On October 24, 2019, cystic fibrosis (CF) patients rejoiced at the news that three years of talks between the UK’s National Institute for Health and Care Excellence (NICE) and Vertex Pharmaceuticals had succeeded in a compromise which could see about 5,000 patients gaining access to a potentially life-saving drug called Orkambi within the next month. Orkambi is perceived to be a ‘wonder drug’ because it helps these patients to breathe easier and better, and can be started as young as two years.
Cystric fibrosis 3d medical vector illustration. Image Credit: medicalstocks / Shutterstock
Negotiating for a fair deal
The previous stalemate, in place since 2016, was because NICE thought the drug too high-priced to offer through the NHS. NHS England is the national healthcare system for the UK. Vertex rejected the counter-offer by NICE as being too low to fund more research, and asked the national body to act “in the best interest” of patients with CF. Patients were devastated at the delay, since CF drastically reduces life expectancy, making such decisions urgent issues from their perspective.
This was reflected in the communication sent by the UK’s health ministers, Steve Brine and Lord O’Shaughnessy, to Vertex senior vice president Simon Bedson. It says, in part, “Time really is of the essence. We ask you as a matter of the utmost urgency to proceed with negotiations [to secure] access to your medicines currently licensed in the UK at a price that is cost-effective and fair.”
The deal is confidential, but will probably result in the annual costs of the drug being reduced to a lot less than the £100,000 originally set by Vertex (to what Health Secretary Matt Hancock calls “a fair price”), and in addition, two other drugs will be provided for those who need them – Symkevi and Kalydeco. While the first is for patients 12 years old and over, the second can be used from 12 months of age. The agreement includes a full review of all drug data by NICE to ensure, among other things, its cost-effectiveness.
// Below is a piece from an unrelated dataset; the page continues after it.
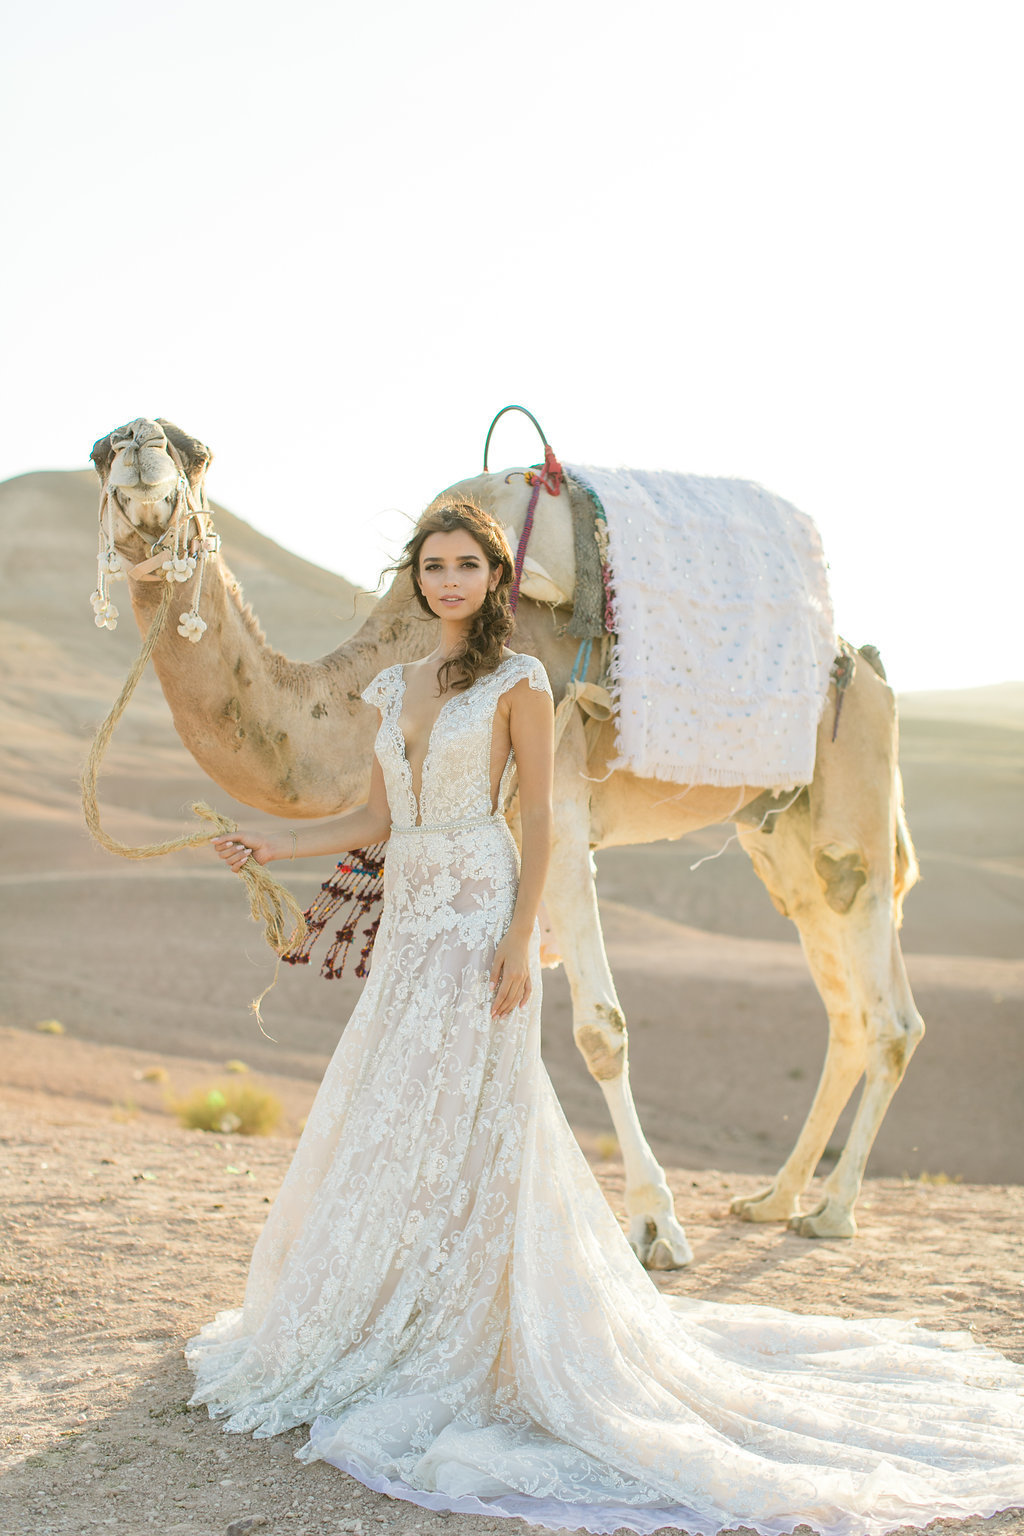 morocco-wedding-desert-roberta-facchini-photography-124

The deal was achieved with the active support of the Scottish government, which came to an agreement with Vertex a month ago. It also means great relief for thousands of patients and their families who had been campaigning in support of NHS England in its struggle to get the drug released for UK patients. Under the deal, Orkambi will also be available in Northern Ireland and Wales for the same price if the governments there so desire, though it is not known whether they will take advantage of this condition.
Cystic fibrosis is a genetic disease that is associated with the production of unduly thick and tenacious mucus from the airways, leading to chronic and intractable lung disease and premature death. Patients with cystic fibrosis die before they attain their 32nd birthday in about half of the cases. The mutations in the CFTR gene are responsible for the production of abnormal forms of the protein that helps to transport sodium, chloride and water in and out of the body cells – which is responsible for the excessively sticky mucus that clogs airways and the gut. CF affects about 30,000 patients in the US, and about 75,000 patients worldwide.
Patients and their families have been seeing the drug “dangling like a carrot” in front of their eyes for months, only to be denied access to it. Parents were unanimous in their delight, one mother (Christina Walker) calling it “the best [Christmas] present ever.” Simon Stevens, NHS chief executive, comments on the compromise as being “good for patients and fair to British taxpayers.” Vertex said they were glad “to get our medicines to cystic fibrosis patients as soon as possible.”
Cystic Fibrosis Trust spokesperson David Ramsden also chimed in with words of appreciation, saying, “This is a very special day… I want to thank people everyone who has been part of this campaign.”
How Orkambi works
Orkambi (a lumacaftor/ivacaftor combo) has been designed to counter the F508del mutation, which is by far the most common of CF-causing mutations in the CFTR gene. It is indicated for patients with two copies of this mutation, which means they have no working CFTR genes at all. It is thus estimated that it can be of use for about 50% of CF patients in the UK, who number about 10,000 in all. Lumacaftor is a corrector, and brings the defective chloride channel protein to the cell surface where they can be, while ivacaftor is a potentiator, and facilitates the opening of these channels so they can transport ions more effectively.
And now, Trikafta gains approval
Just a couple of days earlier, the US Food and Drug Administration (FDA) issued approval for another new drug, Trikafta, also made by Vertex. Trikafta is a combination of three drugs (Elexacaftor, tezacaftor and ivacaftor). The first two are correctors and the last a potentiator of the defective protein.
Trikafta is meant for patients who have at least one copy of the F508del mutation, and can be used in patients 12 years of age and older. It could thus benefit 90% of CF patients, the vast majority of whom have one or two copies of this mutation. However, it comes with a hefty price tag – well over $300,000 per patient per year. The treatment increased the lung capacity of CF patients by 14%, in clinical trials. The new slew of drugs thus offers more than a ray of hope to these patients.